If $m\leq 2n$, then note that

$$f(n,m)=\lfloor n^{1/m}\rfloor\leq n^{1/m}<\lfloor n^{1/m}\rfloor+1=f(n,m)+1$$

$$\Rightarrow f(n,m)^m\leq n<(f(n,m)+1)^m$$

Thus, in order to find $f(n,m)$ it is sufficient to find some natural $k_0$ such that $k_0^m\leq n<(k_0+1)^m$. But this is easy, simply iterate through the natural numbers $k\in \{1,2,3,...,n\}$ and test whether they satisfy the condition above. This can be done in polynomial time as multiplication can be done in $O(k^2)$ time and therefore testing whether $k$ satisfies the condition can be done in $O(mk^2)$. Since $k\leq n$, and we have to perform this action at most $n$ times, we can get a final bound of $O(mn^3)$ for this algorithm. Using the fact that $m\leq 2n$ gives us the final bound of $O(n^4)$.

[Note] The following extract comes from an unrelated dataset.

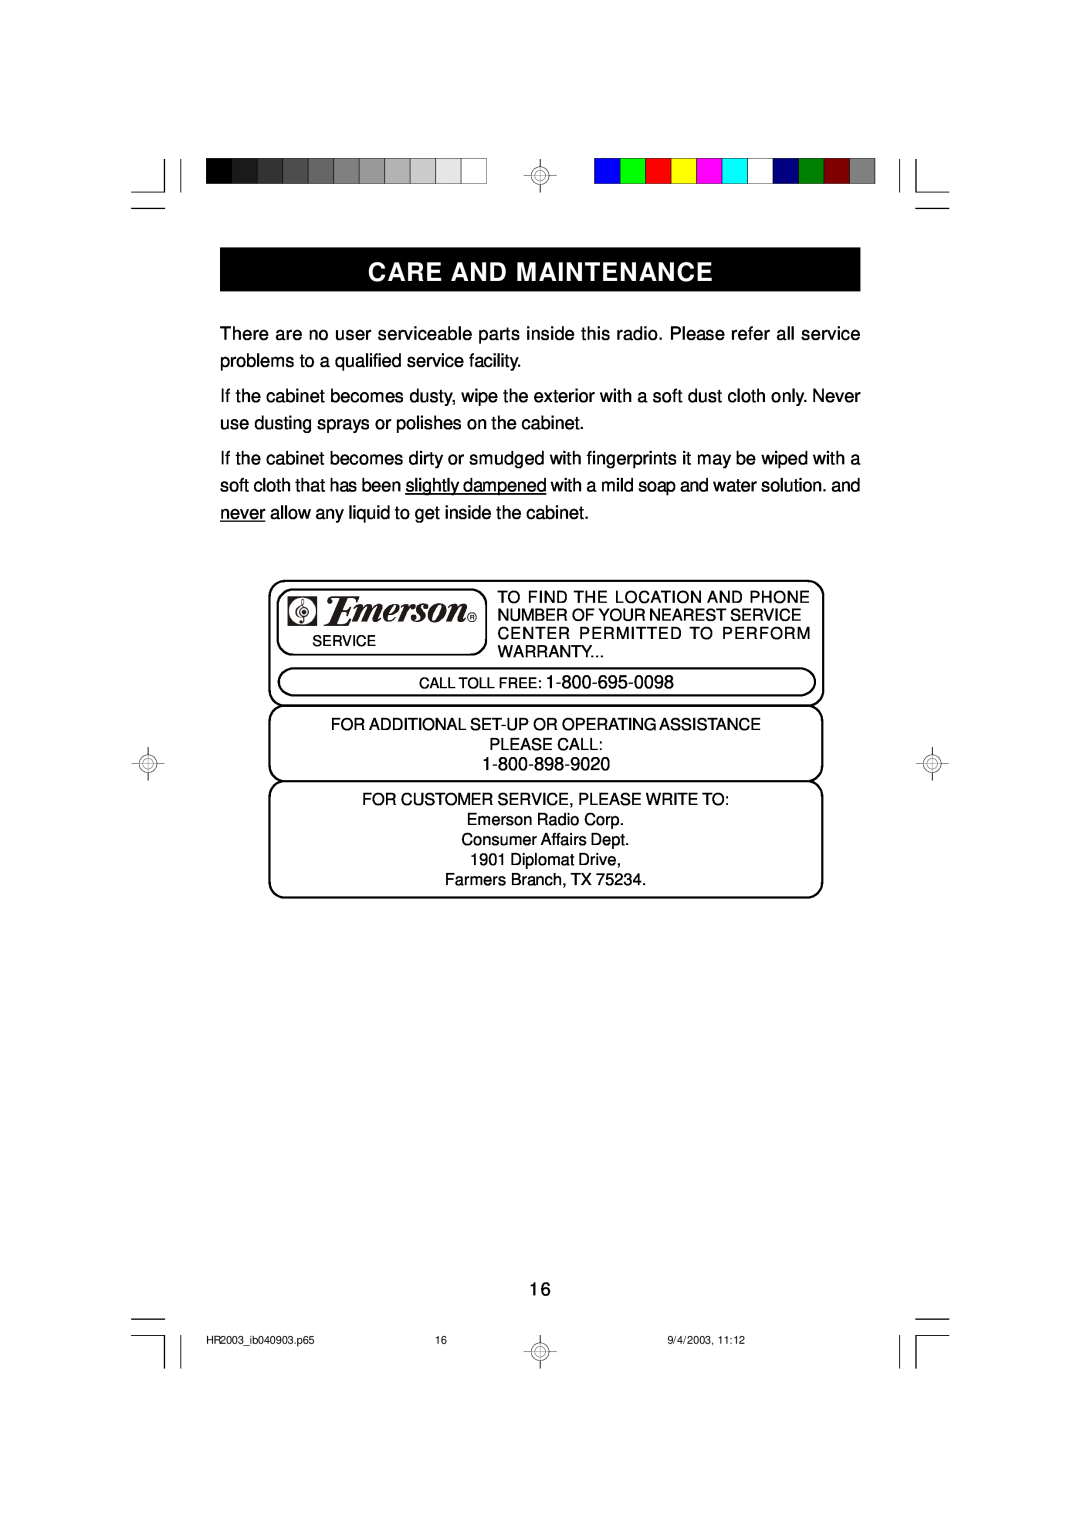 Emerson HR2003 owner manual Care And Maintenance

Example: For $m=2$ and $n=5$ (obviously $m=2<10=2n$), we have that

$$k=1: 1^2=1\text{ and }(1+1)^2=4$$ $$k=2: 2^2=4\text{ and }(2+1)^2=9$$ $$k=3: 3^2=9\text{ and }(3+1)^2=16$$ $$k=4: 4^2=16\text{ and }(4+1)^2=25$$ $$k=5: 5^2=25\text{ and }(5+1)^2=36$$

Thus, we get that $f(n,m)=2$.